With respect to cloud computing costs, these being a significant component of the costs to train and operate modern AI systems, as a non-profit organization, the Wikimedia Foundation might be interested in the National Research Cloud (NRC) policy proposal: https://hai.stanford.edu/policy/national-research-cloud .

"Artificial intelligence requires vast amounts of computing power, data, and expertise to train and deploy the massive machine learning models behind the most advanced research. But access is increasingly out of reach for most colleges and universities. A National Research Cloud (NRC) would provide academic and non-profit researchers with the compute power and government datasets needed for education and research. By democratizing access and equity for all colleges and universities, an NRC has the potential not only to unleash a string of advancements in AI, but to help ensure the U.S. maintains its leadership and competitiveness on the global stage.

"Throughout 2020, Stanford HAI led efforts with 22 top computer science universities along with a bipartisan, bicameral group of lawmakers proposing legislation to bring the NRC to fruition. On January 1, 2021, the U.S. Congress authorized the National AI Research Resource Task Force Act as part of the National Defense Authorization Act for Fiscal Year 2021. This law requires that a federal task force be established to study and provide an implementation pathway to create world-class computational resources and robust government datasets for researchers across the country in the form of a National Research Cloud. The task force will issue a final report to the President and Congress next year.
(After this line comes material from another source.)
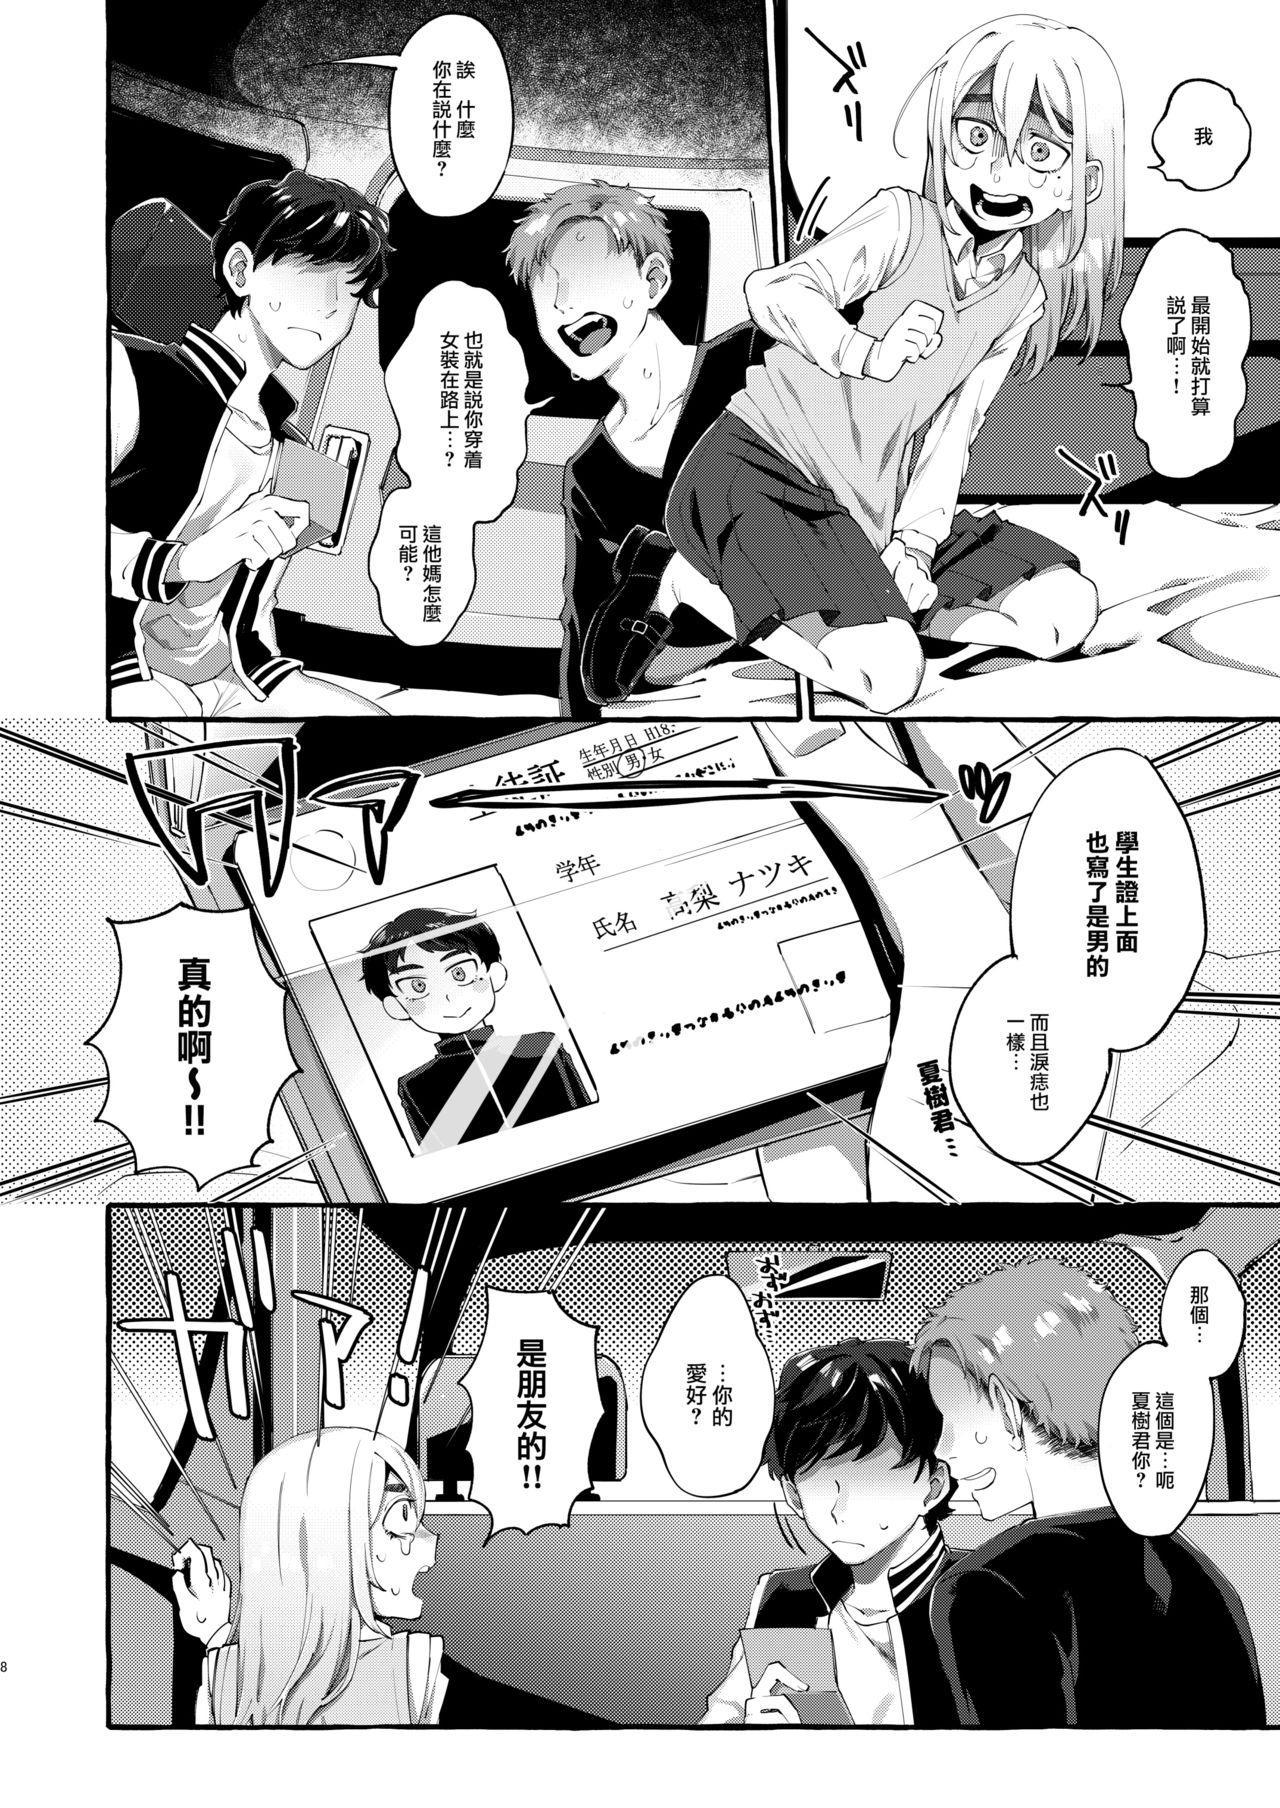 Joshigakusei o Rachi Yuukai Shita to Omottara Otokonoko datta. | 本以为诱拐了女学生却发现是伪娘。 7

"The promise of an NRC is to democratize AI research, education, and innovation, making it accessible to all colleges and universities across the country. Without a National Research Cloud, all but the most elite universities risk losing the ability to conduct meaningful AI research and to adequately educate the next generation of AI researchers."

See also: [1][2]

[1] https://www.whitehouse.gov/ostp/news-updates/2023/01/24/national-artificial-intelligence-research-resource-task-force-releases-final-report/
[2] https://www.ai.gov/wp-content/uploads/2023/01/NAIRR-TF-Final-Report-2023.pdf

From: Steven Walling <steven.walling@gmail.com>
Sent: Saturday, February 4, 2023 1:59 AM
To: Wikimedia Mailing List <wikimedia-l@lists.wikimedia.org>
Subject: [Wikimedia-l] Re: Chat GPT

On Fri, Feb 3, 2023 at 9:47 PM Gerg§ Tisza <gtisza@gmail.com> wrote:
Just to give a sense of scale: OpenAI started with a $1 billion donation, got another $1B as investment, and is now getting a larger investment from Microsoft (undisclosed but rumored to be $10B). Assuming they spent most of their previous funding, which seems likely, their operational costs are in the ballpark of $300 million per year. The idea that the WMF could just choose to create conversational software of a similar quality if it wanted seems detached from reality to me.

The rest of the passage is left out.